When the Defense Advanced Research Projects Agency (DARPA) required a semi-autonomous software solution to enable complex teamwork between manned and unmanned platforms in communications-deprived environments, they turned to BAE Systems’ Distributed Battle Management (DBM) solution. Now, after a number of successful milestones, the DBM baseline program has ended, yet it continues to serve as the basis for disruptive new technology developed by the BAE Systems FAST Labs™ organization.
No communications? No problem: Today, combat mission management is a manual, coordinated effort by operators and pilots using a combination of manned and unmanned vehicles, sensors, and electronic warfare systems that all rely on high-availability networks such as satellite communications and tactical data links. When those networks are interrupted, it leaves warfighters with the inability to effectively communicate and avoid threats during their missions.

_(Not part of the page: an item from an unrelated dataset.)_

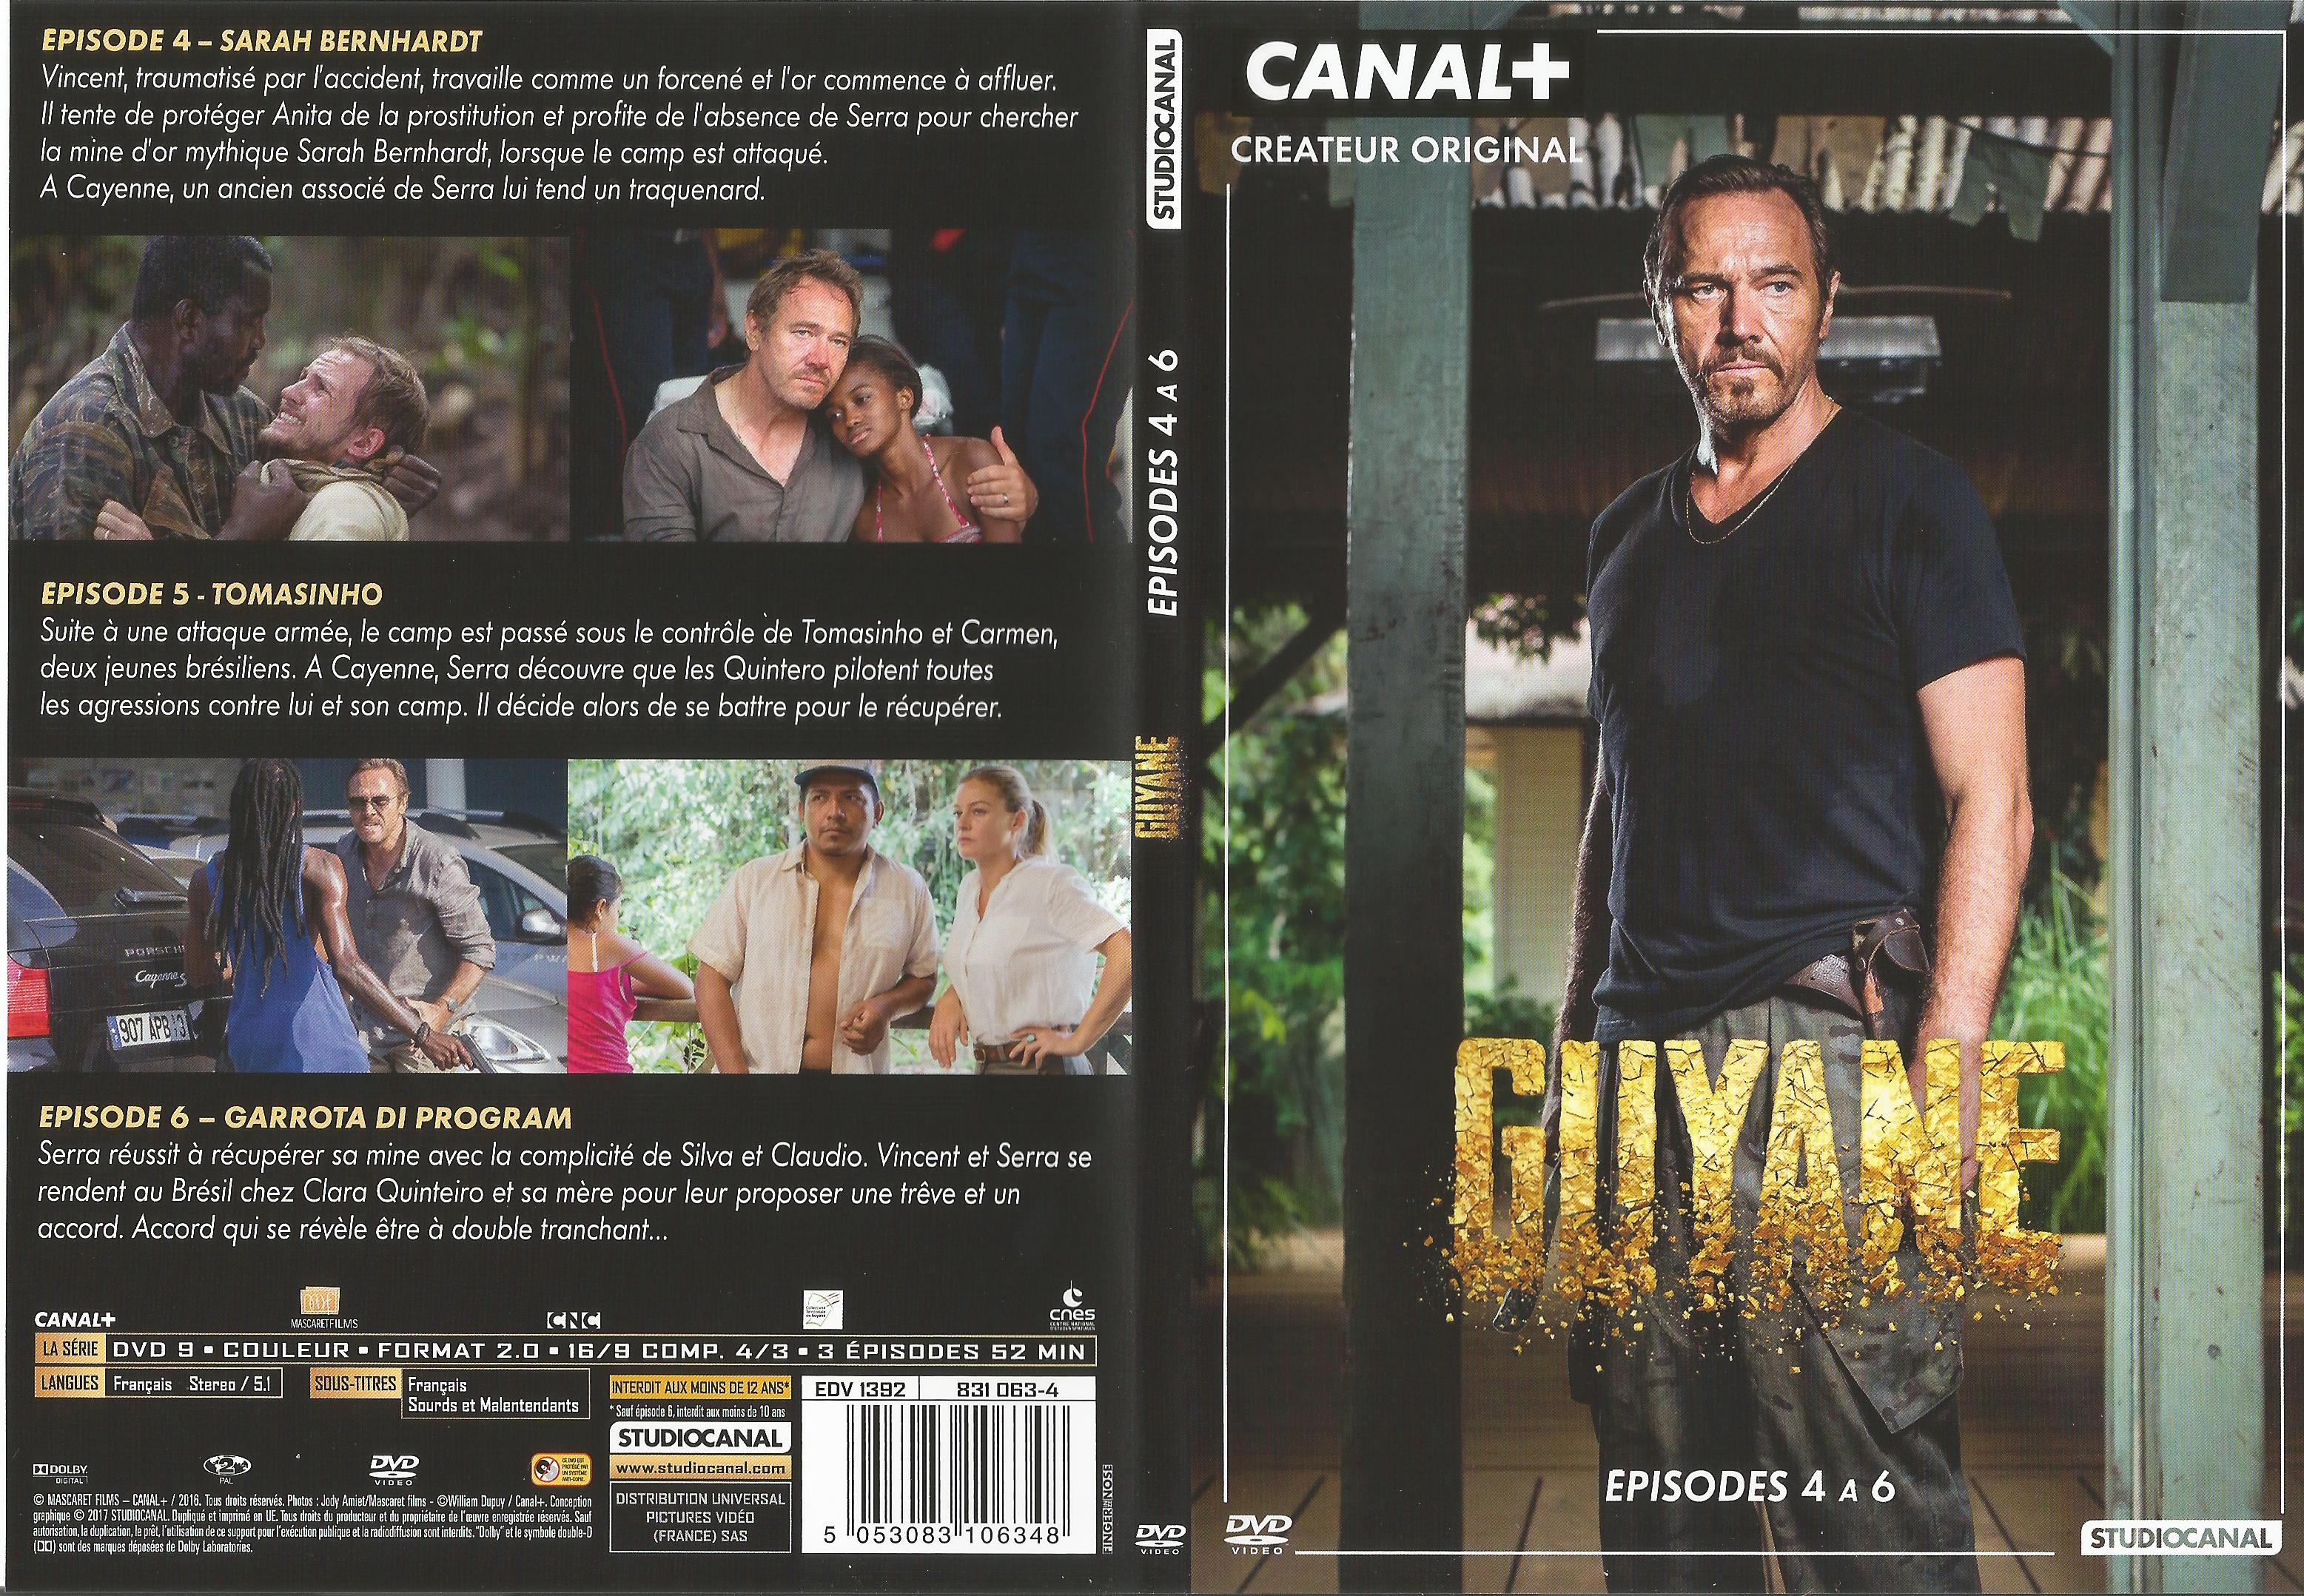 Jaquette DVD Guyane Ep 4-6

“The overall goal of DBM was to be a force multiplier and provide the warfighter with a tactical advantage, allowing them to stay out of harm’s way by having unmanned platforms engage threats and complete the mission,” said Chris Eisenbies, director of the Autonomy, Control, and Estimation product line at BAE Systems. “As combatant commanders look to us for solutions to tackle the evolving threats presented by our adversaries, the innovative approaches our FAST Labs programs leverage from each other saves valuable time and money. The DBM program is the motivational spark toward new research and development.”
High-flying success: Designed to address the complex challenge of managing both manned and unmanned teams in contested cross-domain environments, DBM enables constellation command and control through distributed situational awareness, and planning and control software-based decision aids.

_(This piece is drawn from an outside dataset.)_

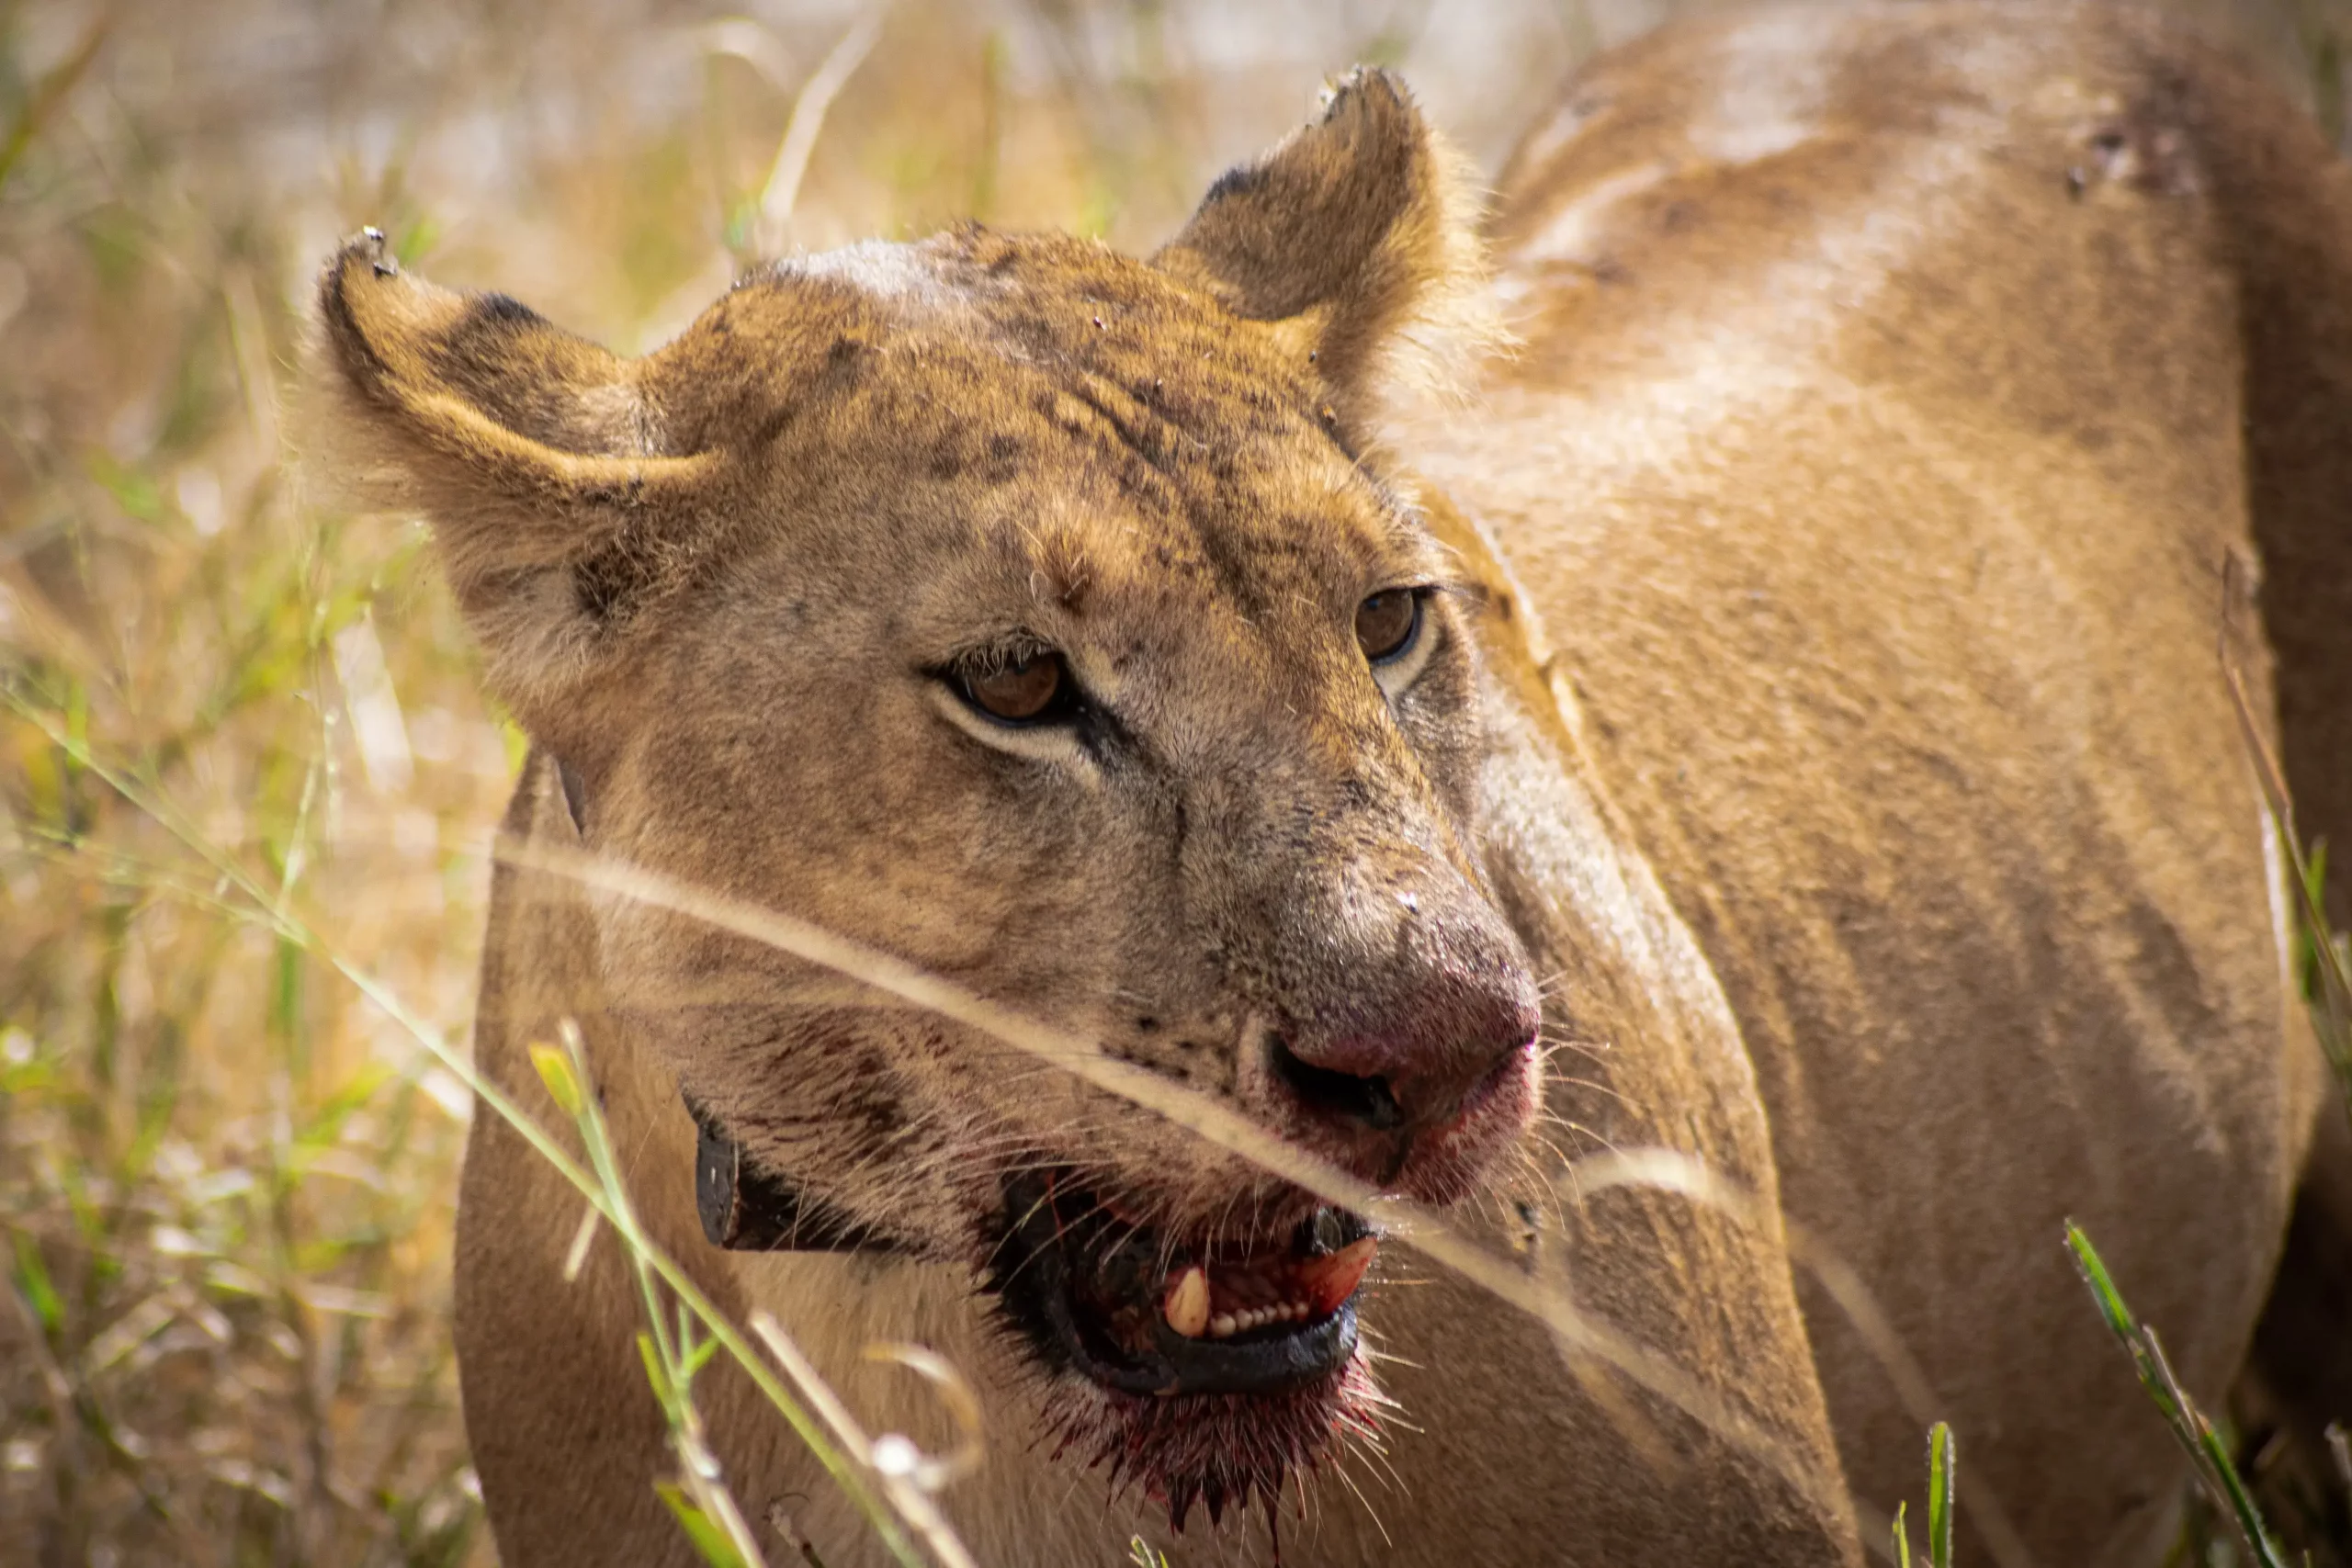 aggressive lioness roaring after having freshly hunted prey

Through the 36-month program, the technology successfully achieved and surpassed a number of tests, including an early flight test. Most recently, the program successfully demonstrated its decision aids at three virtual test events and one live flight test event at the U.S. Air Force Test Pilot School.
The final demonstration event, held in April 2019, allowed us to prove a system integrated air-to-ground strike with two advanced blue fighter pilots planning with up to 14 unmanned vehicles while engaging multiple smart red air threats. The final demonstration provided evidence of a future of unmanned vehicles taking on more complex operations with greater autonomy.
DBM legacy: Even after the program has concluded, its goals and vision endure through the DARPA System of Systems Integration Technology and Experimentation (SoSITE) program by incorporating DBM technologies into new architectures.
The SoSITE program utilizes pieces of technology from the baseline DBM components to continue to advance manned and unmanned teaming (MUM-T) concepts to new missions and domains — expanding our multi-domain offerings.
- For example, Information Broker (IB), a situational awareness technology element within the DBM solution, was developed to help manage the problem of sharing information across the team in a contested environment. Recently, IB was leveraged on other Department of Defense Services research programs, expanding its capability toward development on fielded systems where communications bandwidth is a challenge.
- In addition, the weapon-sensor-target matching (WSTM) and air-to-air routing technologies developed within the planning and control component has become an invaluable asset to FAST Labs’ new and legacy technologies. The routing, WSTM, and IB software algorithms are proving flexible enough to be extended to new domains and applied to well-established products.
“We are really proud of what this program was able to accomplish — providing the necessary stepping stones into the future of the FAST Labs organization’s MUM-T solutions,” added Eisenbies.
The work conducted under the DBM program will continue to protect our warfighters for years to come.